Kız çocuklarını erkek çocuklardan ayırt etmeyi mahremiyet eğitimi zannetmişiz
Pedagog Dr. Adem Güneş ile Kitabın Ortası dergisi tarafından yapılan röportajı istifadenize sunuyoruz
Sizi biraz tanıyabilir miyiz? Neden pedagoji? Neden çocuk psikolojisi ve eğitimi?

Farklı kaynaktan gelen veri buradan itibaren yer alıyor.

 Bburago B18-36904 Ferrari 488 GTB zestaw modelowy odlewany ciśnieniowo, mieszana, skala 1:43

Ankara’da doğdum, ilk, orta, lise eğitimimi Türkiye’de, üniversite eğitimimi ise Hollanda’da Rotterdam Üniversitesi’nde tamamladım. Hollanda pedagoji biliminde oldukça güçlü bir ülke, pedagoji alanında bir Nobel Ödülü olsaydı, sanırım bunu Hollanda alırdı. Çocuk hakları, alternatif eğitim sistemleri ve çocuklarda davranış bozukluklarının araştırılması konusunda oldukça başarılı bir ülke. Öyle ki Montessori Eğitimi Sistemi’nin kurucusu, Maria Montessori yaşadığı dönemde ülkesindeki baskılardan kaçıp Hindistan’a sığınır. Onu orada bulup ülkesine getiren, Montessori felsefesinin yaygınlaşmasını sağlayan ülke yine Hollanda’dır.

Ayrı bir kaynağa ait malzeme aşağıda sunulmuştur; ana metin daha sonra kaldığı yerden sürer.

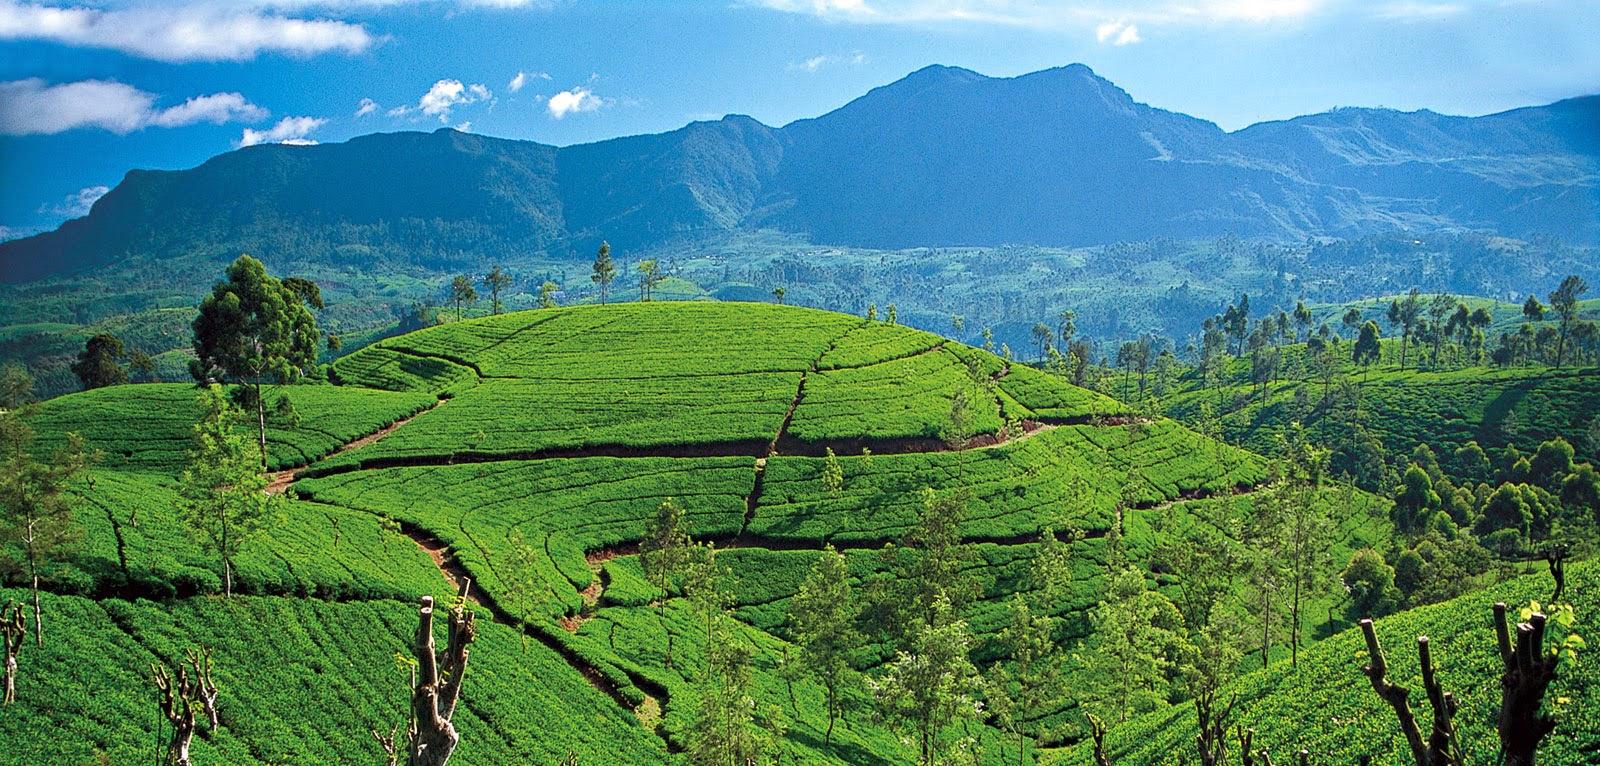 سريلانكا واحدة من البلاد الرائعة الجمال

Çocuk eğitimi üzerine kurulmuş bir ülkede yaşayıp da pedagojiden etkilenmemek pek de mümkün olmadı. 18 yıl Hollanda’da yaşadım, kendi kültürel değerlerimden kopmadan, modern dünyanın pedagoji alanında en güçlü ülkesinden aldığım eğitim ile kendimi çocuk dünyasına çok yakınlaştırdığımı düşünüyorum. Türkiye’de pedagoji denildiğinde akla gelen ilk isimlerden biri olmak, birikimimi ülkemiz anne babaları ile paylaşmak bana kendimi iyi hissettiriyor.
Çocuk eğitiminde ilk sırada yer alabilecek doğru bilinen yanlışlar nelerdir?
Sanırım çocuk eğitiminde en temel yanlış, “Ağaç yaş iken eğilir” atasözünün yanlış yorumlanmasından kaynaklanıyor. Eskiler, “Ağaç yaş iken eğilir” demişler, ama biz, “Ağaç yaş iken eğdirilir” diye anlamışız. Anne babalar çocuklarını terbiyesiz olacak, yanlış yollara girecek diye daha çocuk yaşta eğip bükmeye çalışıyorlar. Çocukları kötü insan olmasın diye çok kaygılanıyorlar. İnsan zaten iyidir, kötülük onu eğip bükerken oluşur. Doğası bozulan kişi hırçın oluyor, saldırgan oluyor, doyumsuz oluyor… Şımarık olmasın diye yüz vermemek de büyüdüğünde ezilmesin diye aşırı koruyucu davranmak da günümüz anne babalarının en belirgin yanlışı.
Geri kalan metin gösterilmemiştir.